> Work required: All of the data below should be printed again word for word, pictures excluded.

> Collected material:
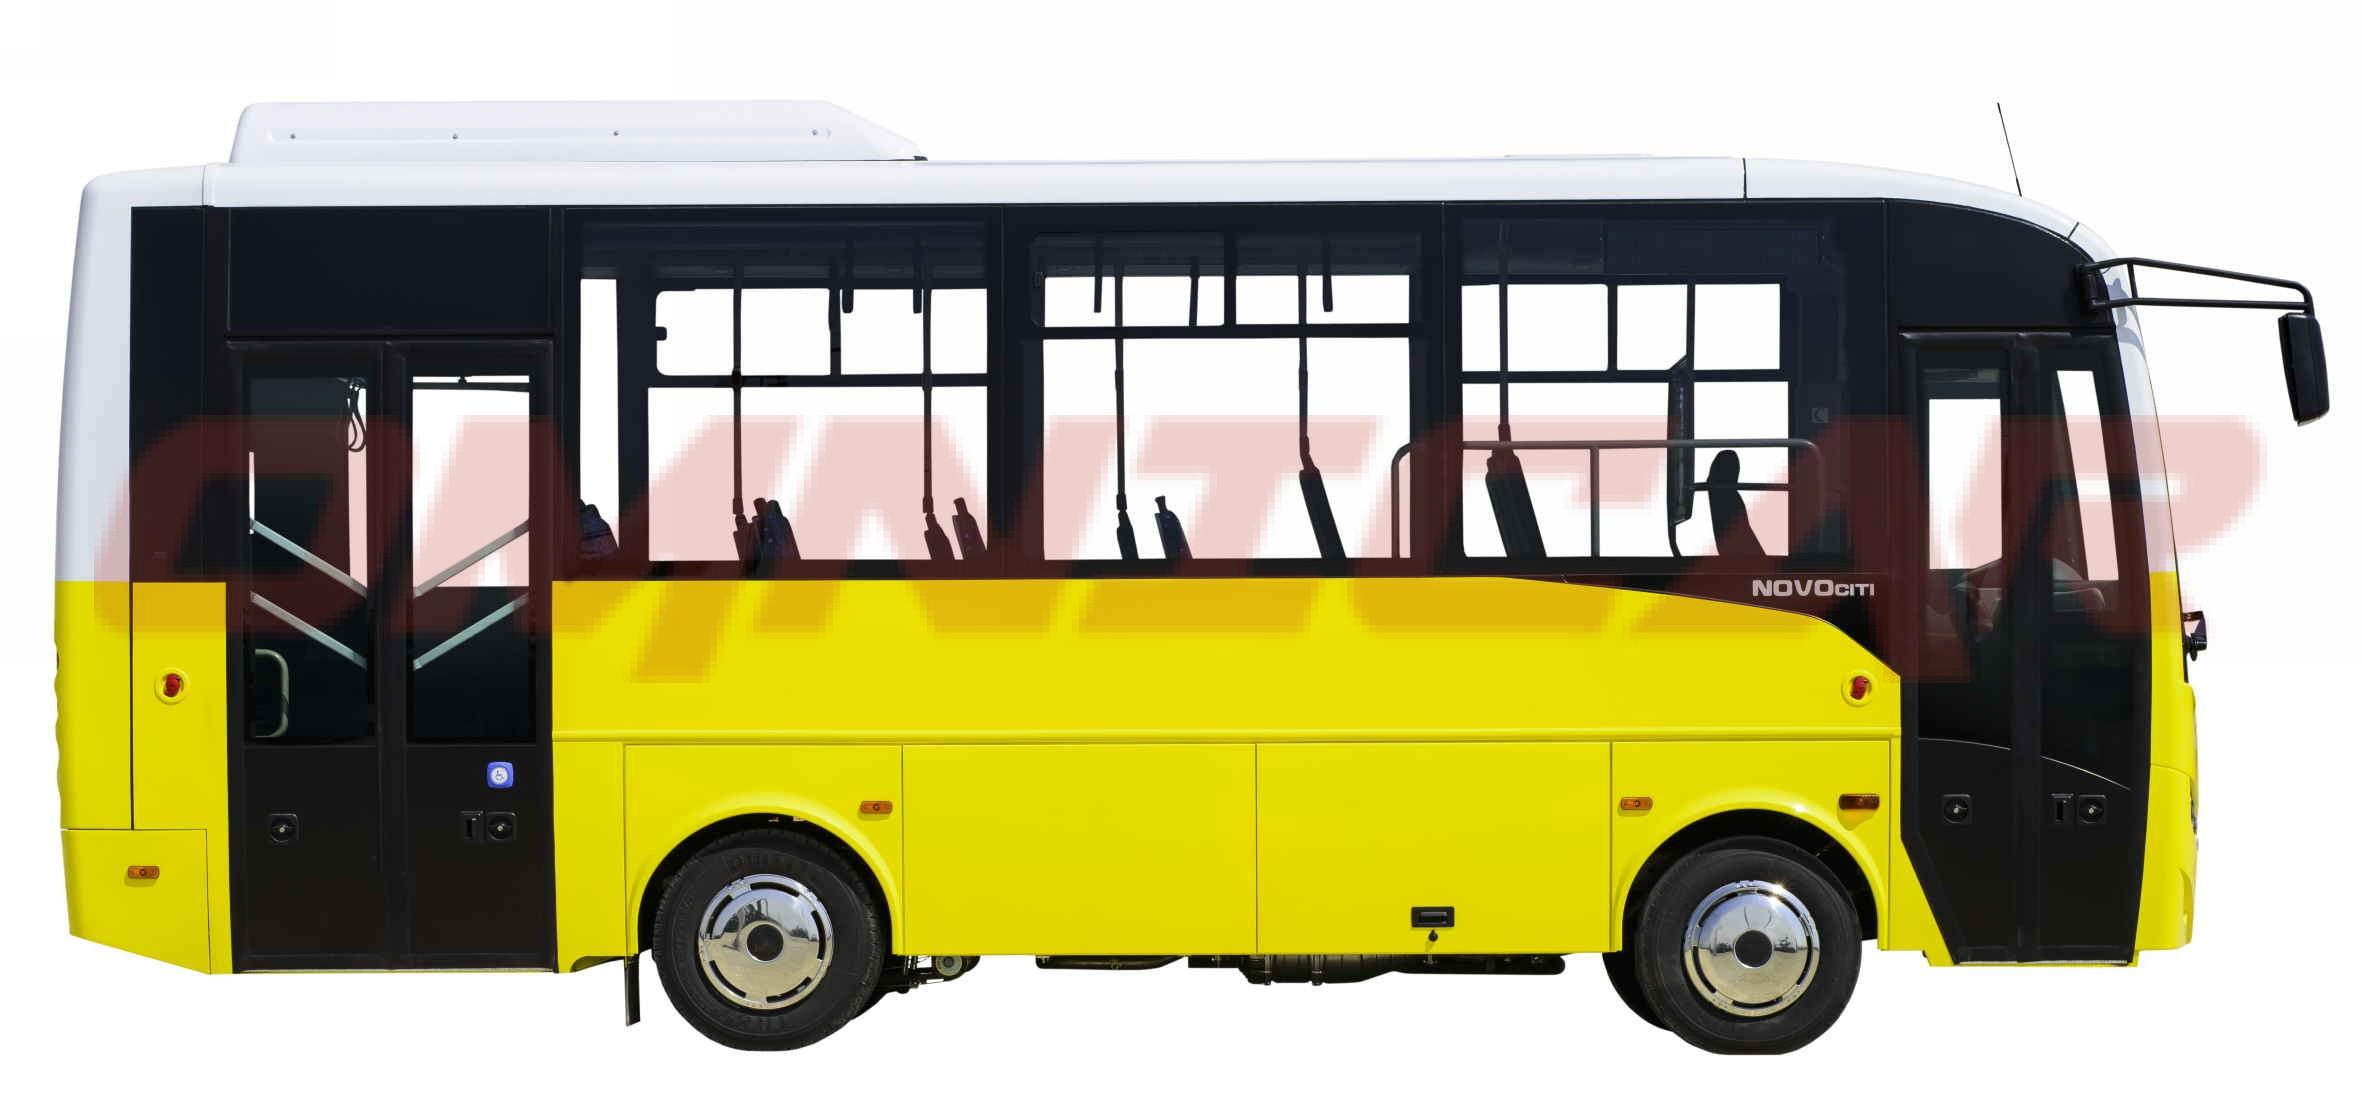 omnicar autocar isuzu
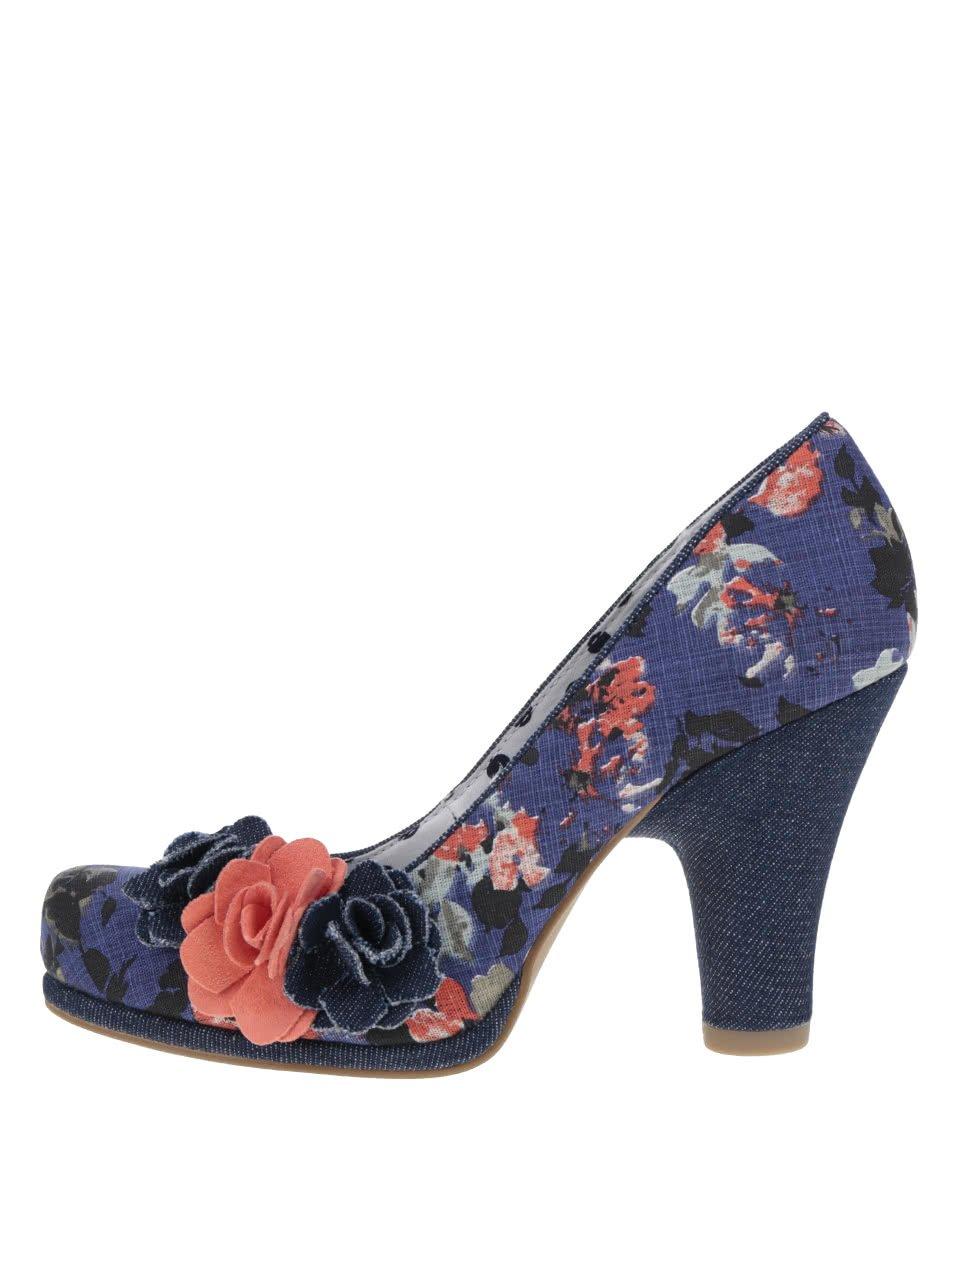 Tmavě modré květované lodičky s ozdobnými květinami Ruby Shoo Eva
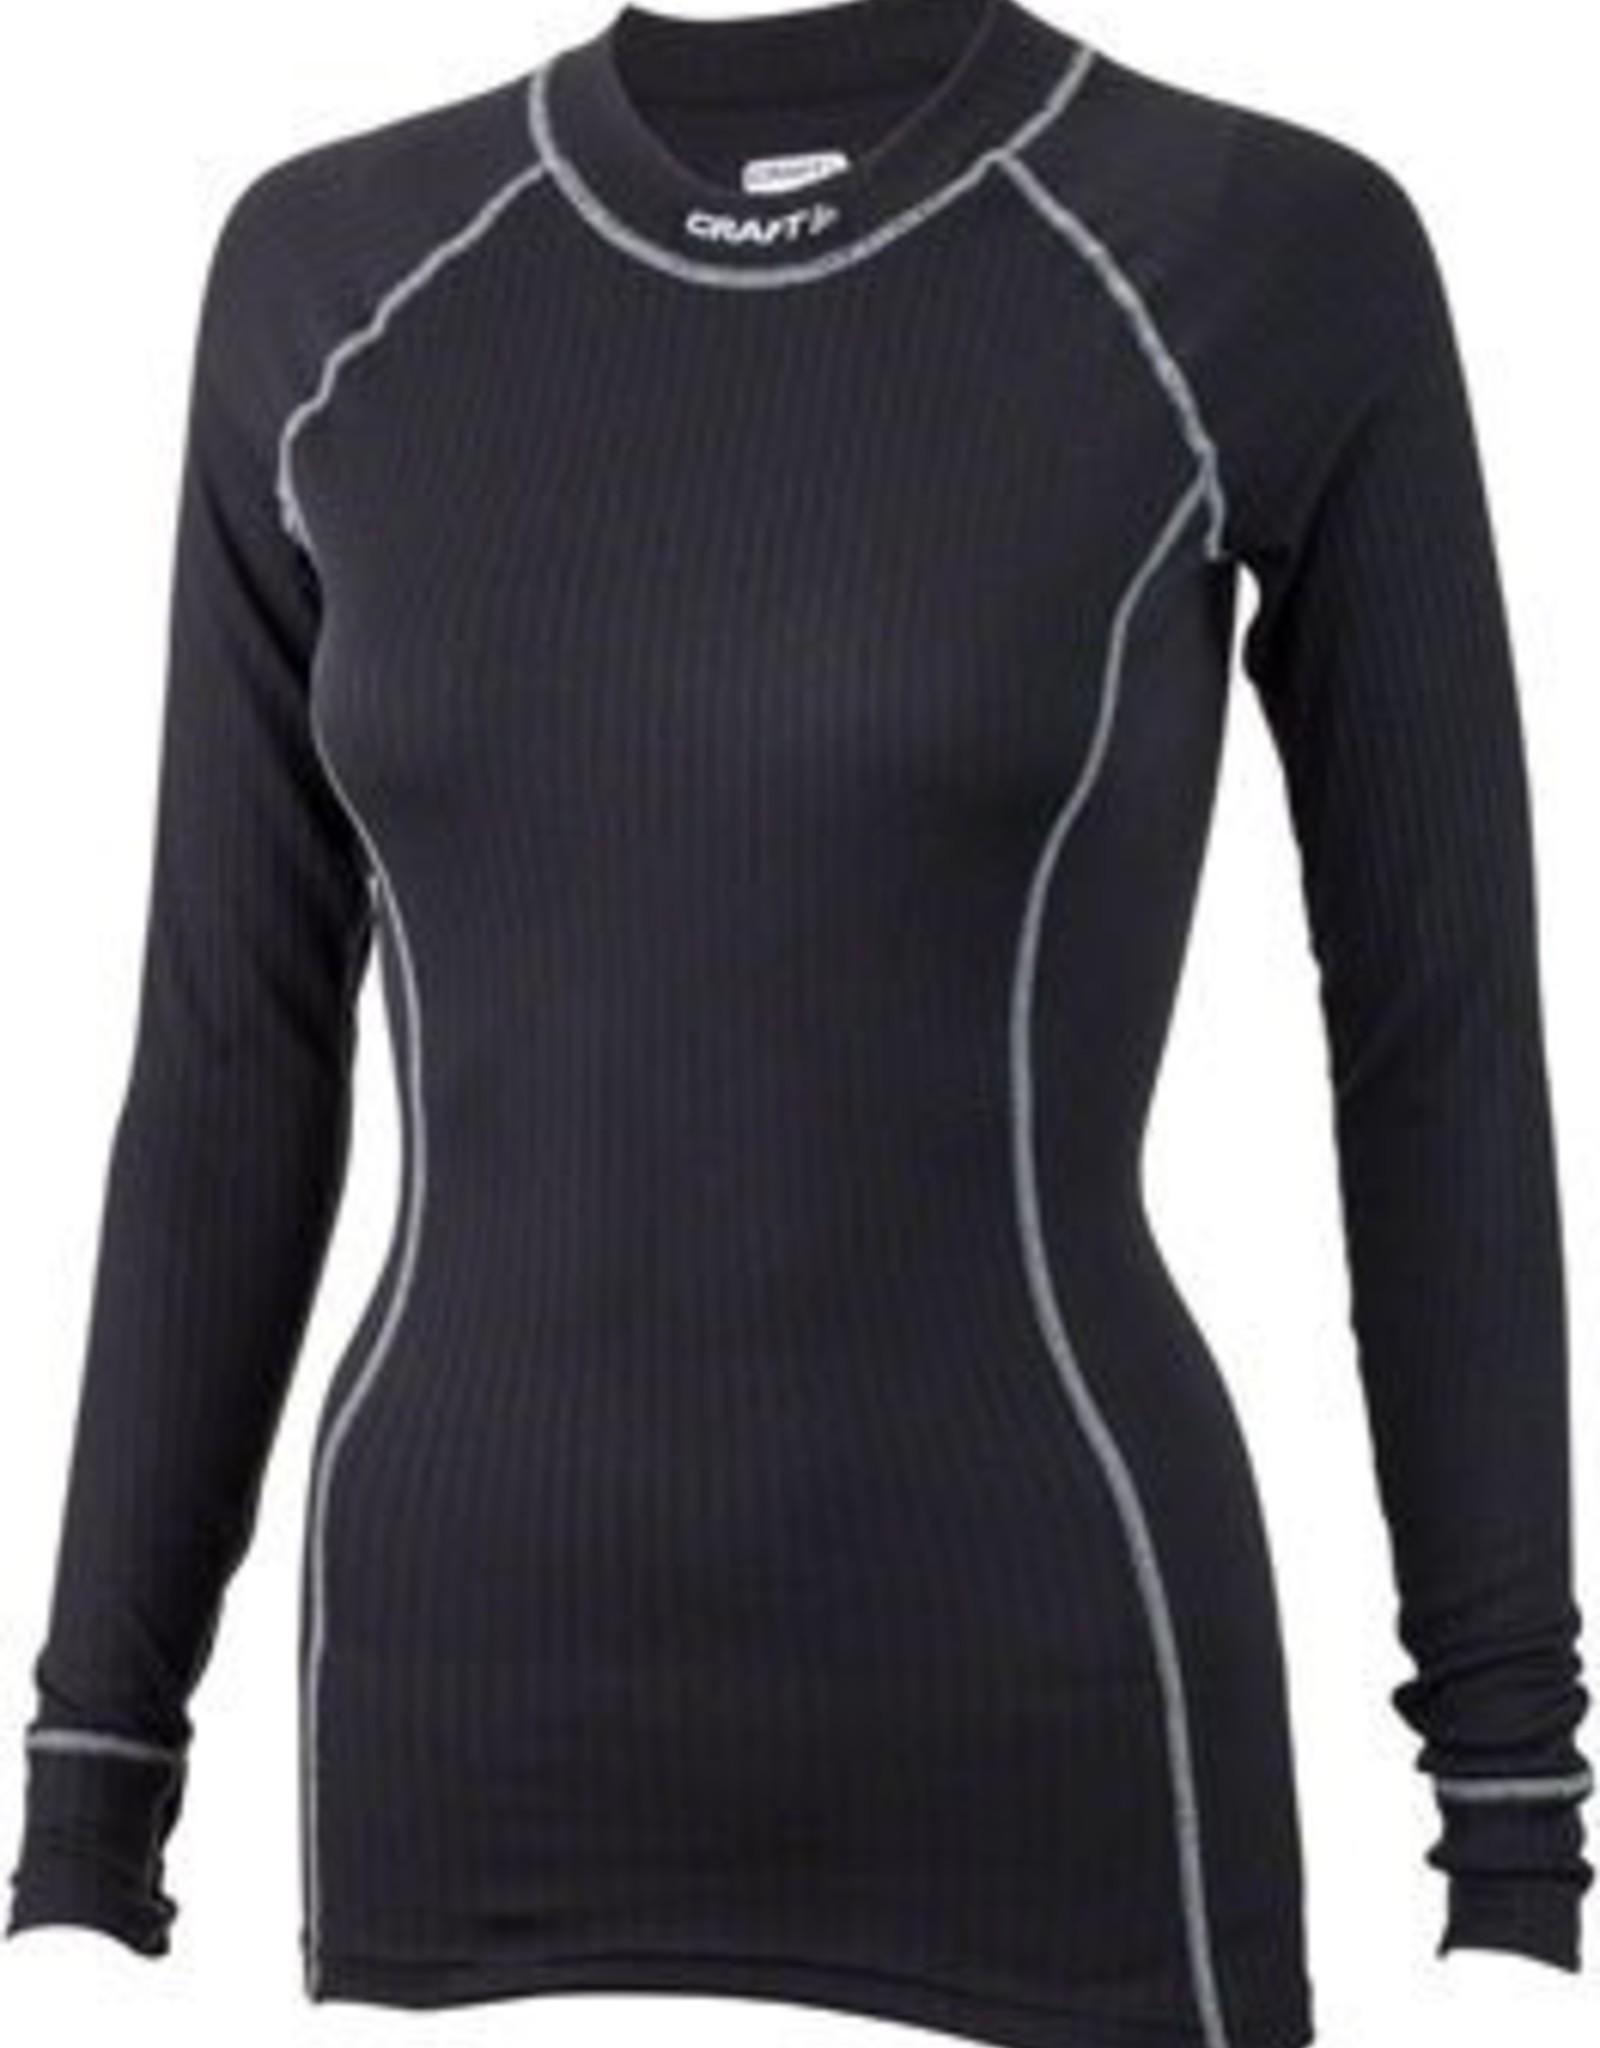 Craft Craft Active Women's Crewneck Long Sleeve Top: Black LG

> Task answer:
 omnicar autocar isuzu
 Tmavě modré květované lodičky s ozdobnými květinami Ruby Shoo Eva
 Craft Craft Active Women's Crewneck Long Sleeve Top: Black LG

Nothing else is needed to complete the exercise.